Kinship, Community, and Place
An unlikely defender of the rights of the common people during the Civil War was North Carolina physician Samuel L. Holt, first cousin to textile mill owner Edwin M. Holt. Moved by his conversation with a poor man of Randolph County, whose only plow horse had been seized by a Confederate “press gang,” Holt fired off a letter to Governor Vance on May 24, 1863, charging that “this county has sent many & true men to this piratical war,” while the “coxcombs, cowards, & puppies,” of the planter class manage “to screen their own carcasses from yankee bullets.”

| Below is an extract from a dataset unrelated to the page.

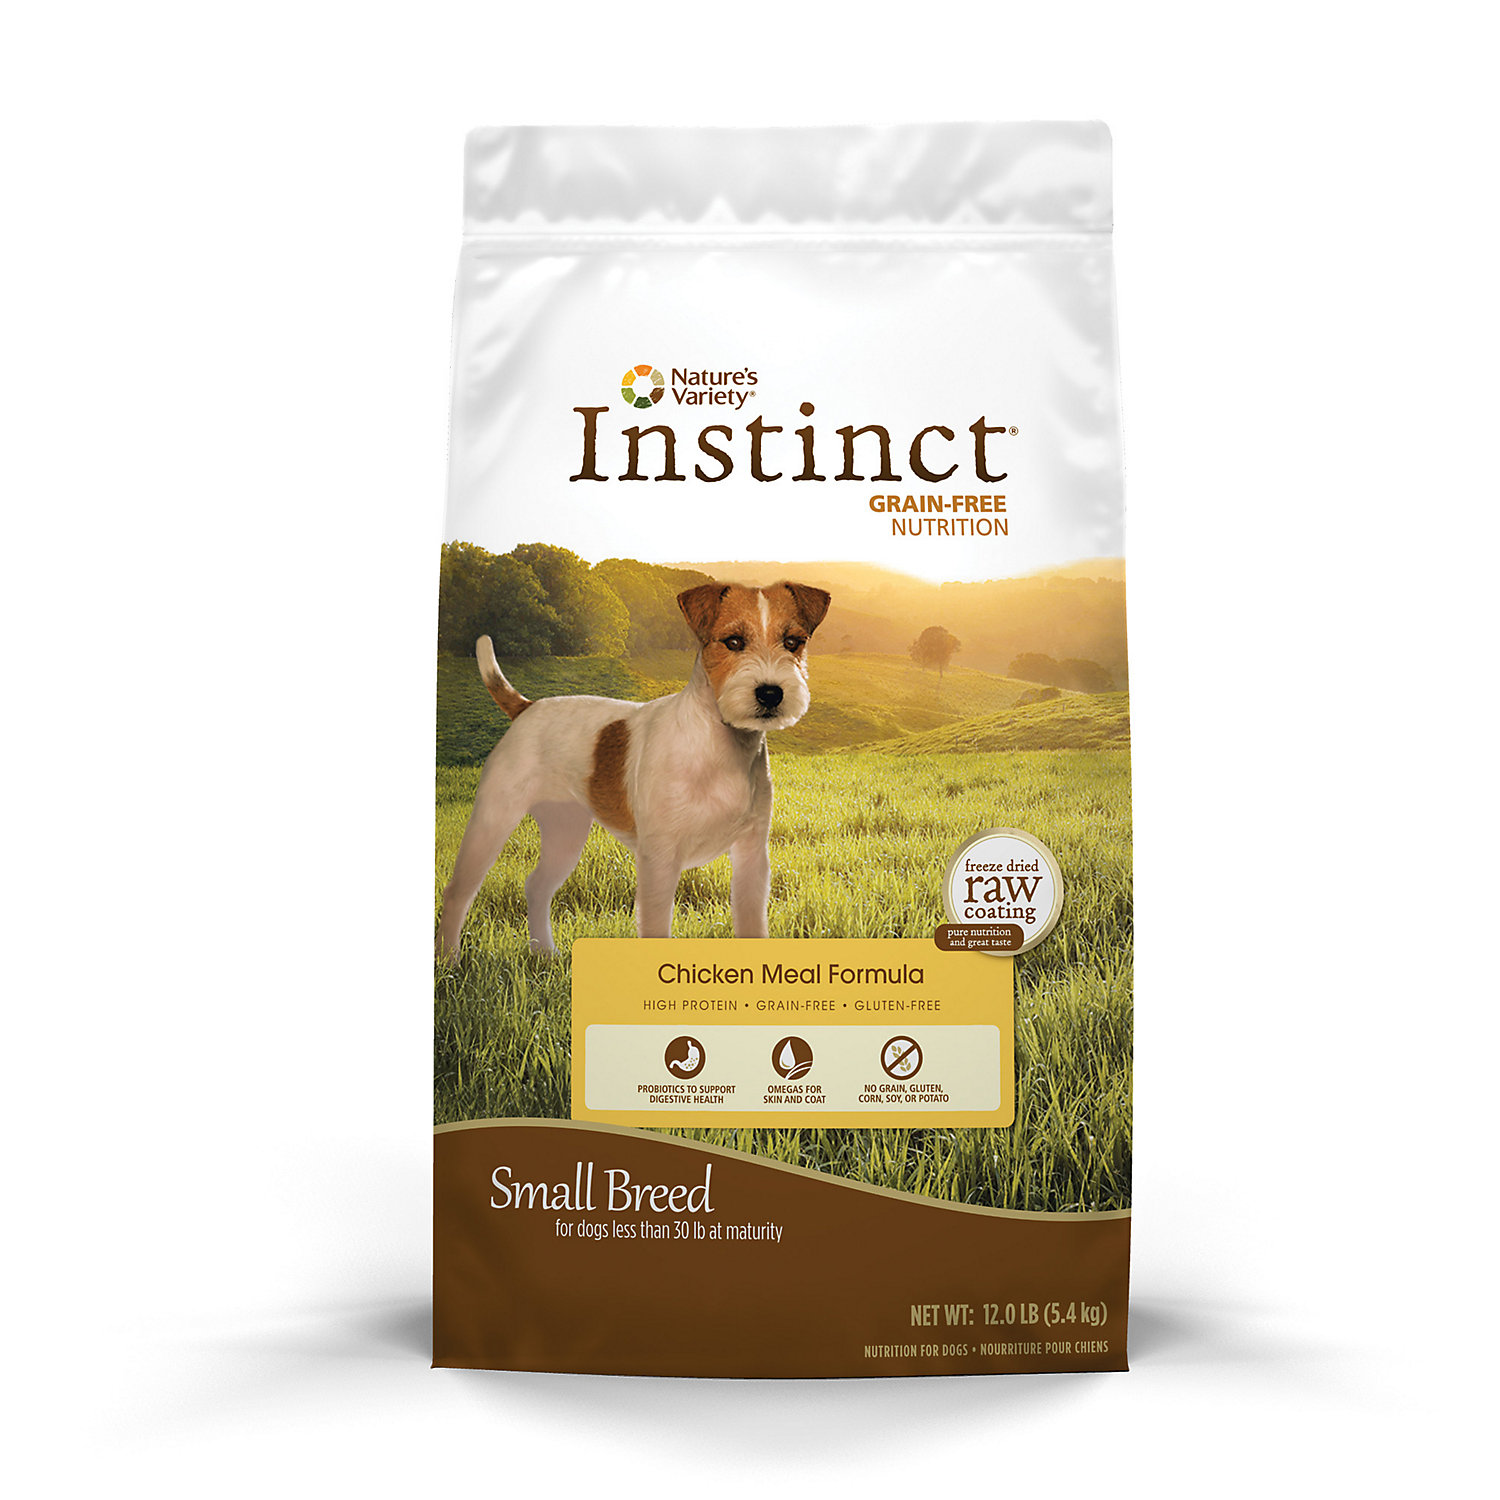 Nature's Variety Instinct Grain-Free Chicken Meal Formula Kibble for Small Breed Dogs
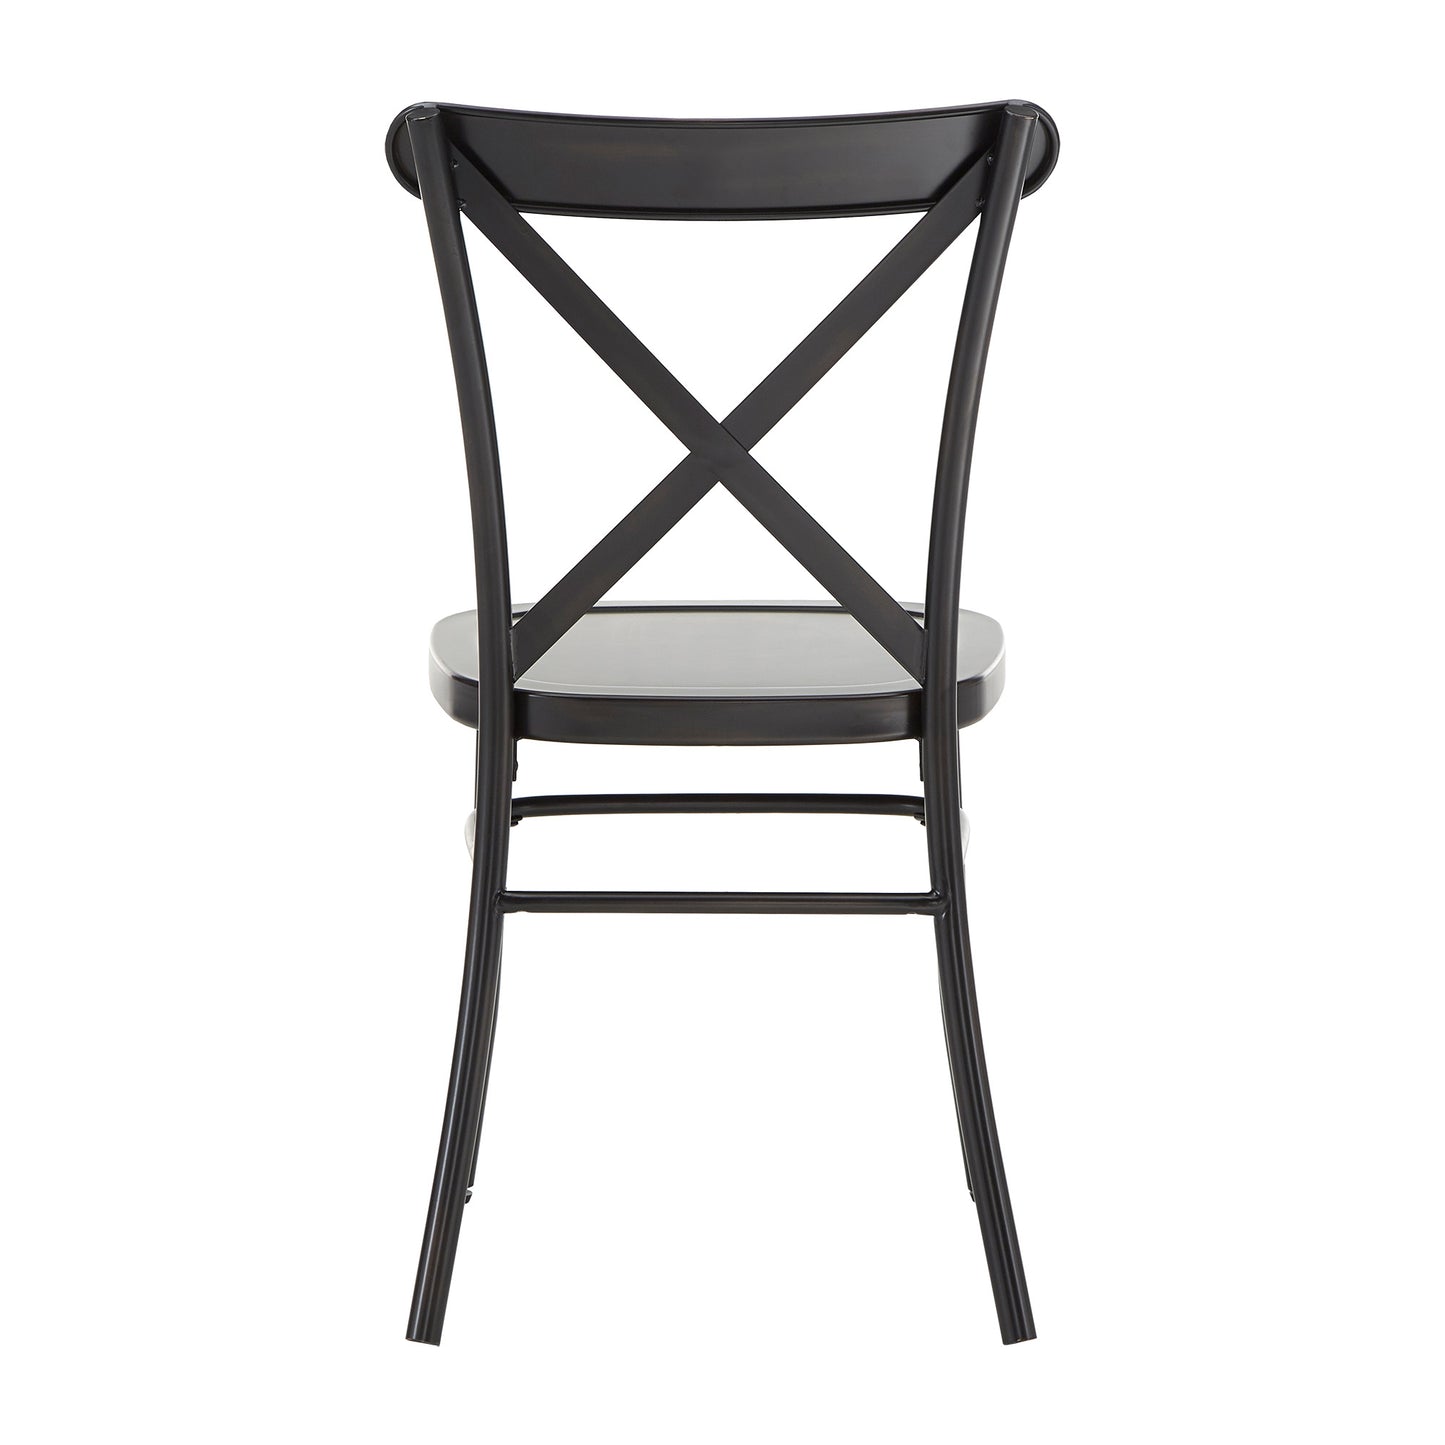 Metal Dining Chairs (Set of 2) - Antique Black Finish

The ordinary people defended by Samuel Holt are a major subject of the essays featured in The Long Shadow of the Civil War. So also are their multiracial neighbors and kinfolk, some of whom were slaves, others free, before the war. Three central questions run throughout: 1) how prevalent was support for the Union among ordinary southerners during the Civil War, and how was it expressed? 2) How did southern Unionists and freed people experience the Union’s victory and emancipation of slaves during the era of Reconstruction and beyond? 3) What were the legacies of the Civil War, Reconstruction, and the South’s white supremacist counter-revolution in regard to race relations, class relations, and New South Politics?
To answer these questions and more, each essay examines a unique aspect of the Southern home front during the Civil War, but also covers events that occurred long after the fighting had ended and the nation was “reconciled.” Several essays tell stories that extend well into the twentieth century. The incredibly long shadow of the American Civil War reminds us that the past, truly, is prologue.